Pansus Angket KPK, Siapa yang Takut?
- ANTARA FOTO/Akbar Nugroho Gumay
Dari Nama ke Angket
![]()
FOTO: Wakil Ketua DPR Fadli Zon (kanan) berjabat tangan dengan sejumlah anggota Pansus Hak Angket KPK sebelum rapat pemilihan Ketua Pansus di kompleks Parlemen, Senayan, Jakarta, Rabu (7/6/2017).
Miryam memang menyebut sejumlah nama, dan mereka yang disebutnya bukan orang sembarangan. Namun karena nama itu juga Miryam tak tenang.
Koleganya di DPR sepertinya was-was bakal terseret arus. Dan entah ada kaitannya atau tidak, namun sejumlah nama seperti rekan Miryam di DPR seperti, Aziz Syamsuddin (Ketua Komisi III), Desmond J Mahesa (Gerindra), Masinton Pasaribu (PDIP), Sarifuddin Sudding (Hanura) dan Bambang Soesatyo (Golkar), mulai mendesaknya untuk berkicau lebih jauh.
Nama-nama panas ini pun melejit. Ketegangan kasus e-KTP makin mengencang. KPK menuai hujatan dari DPR. Begitu pun anggota DPR yang disebut mendesak Miryam ikut menuai kecaman publik.
Sejak ini, 'genderang perang' antara KPK dan DPR makin mengemuka. Komisi Antirasuah yang hendak mengorek habis keterlibatan anggota dewan dicurigai ada kepentingan lain.
Sementara di sisi lain, DPR yang kecewa dengan arogansi KPK ikut kebakaran jenggot. Maklum KPK bukan sekali ini saja merecoki kursi empuk DPR. Sudah cukup banyak para dewan yang dicokok lembaga yang dibentuk sejak tahun 2003 ini.

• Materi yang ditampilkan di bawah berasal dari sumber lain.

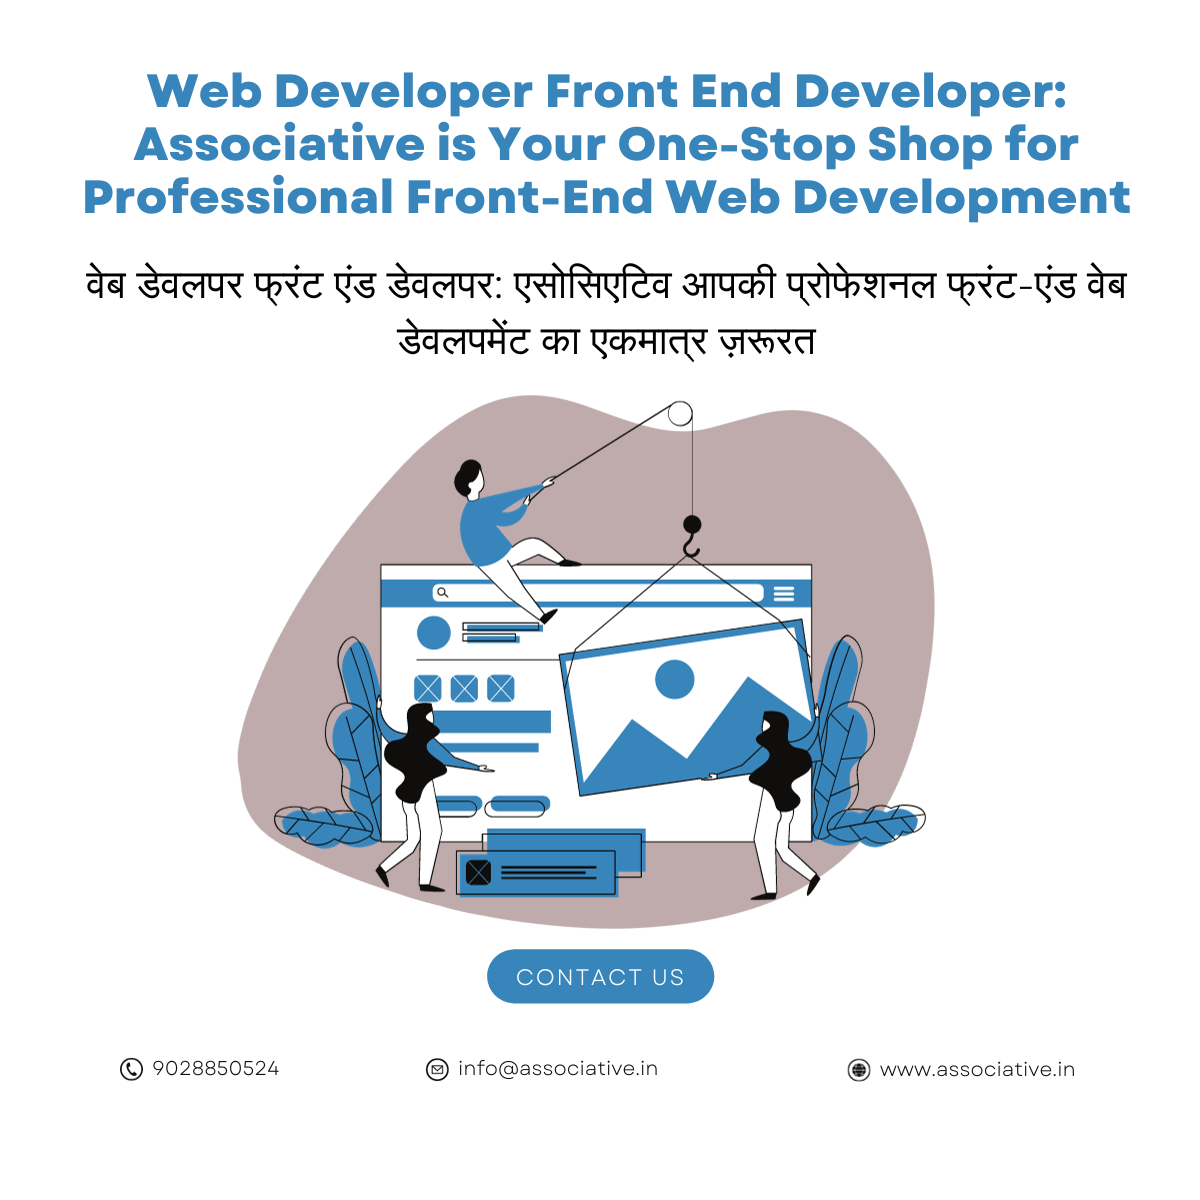 Web Developer Front End Developer: Associative is Your One-Stop Shop for Professional Front-End Web Development वेब डेवलपर फ्रंट एंड डेवलपर: एसोसिएटिव आपकी प्रोफेशनल फ्रंट-एंड वेब डेवलपमेंट का एकमात्र ज़रूरत

Atas itu, DPR berencana mencuci nama. Nyanyian Miryam harus dibuktikan. Satu-satunya cara adalah DPR harus mendengar sendiri kesaksian Miryam, setidaknya rekaman pemeriksaan yang pernah disebut penyidik KPK.
Karena itu, DPR mesti membuat panitia khusus, dengan senjata yang paling ampuh adalah Hak Angket. "Kami ingin semua dibuka supaya publik tahu, kalau ada lembaga antikorupsi itu harus patuh kepada konstitusi," kata anggota Komisi III DPR Daeng Muhammad.
Karena itulah, DPR pun mengebut pembentukan Pansus Angket. Hingga Rabu, 7 Juni 2017, sebanyak tujuh fraksi dengan total 23 dewan dari mulai dari PAN, PKB, Gerindra, PDIP, PPP, NasDem dan Hanura bersepakat membentuk Pansus Hak Angket.
Tak tanggung, pansus ini bahkan telah merinci anggaran kebutuhan mereka. Nilainya mencapai Rp31 miliar dan itu hanya untuk 60 hari kerja.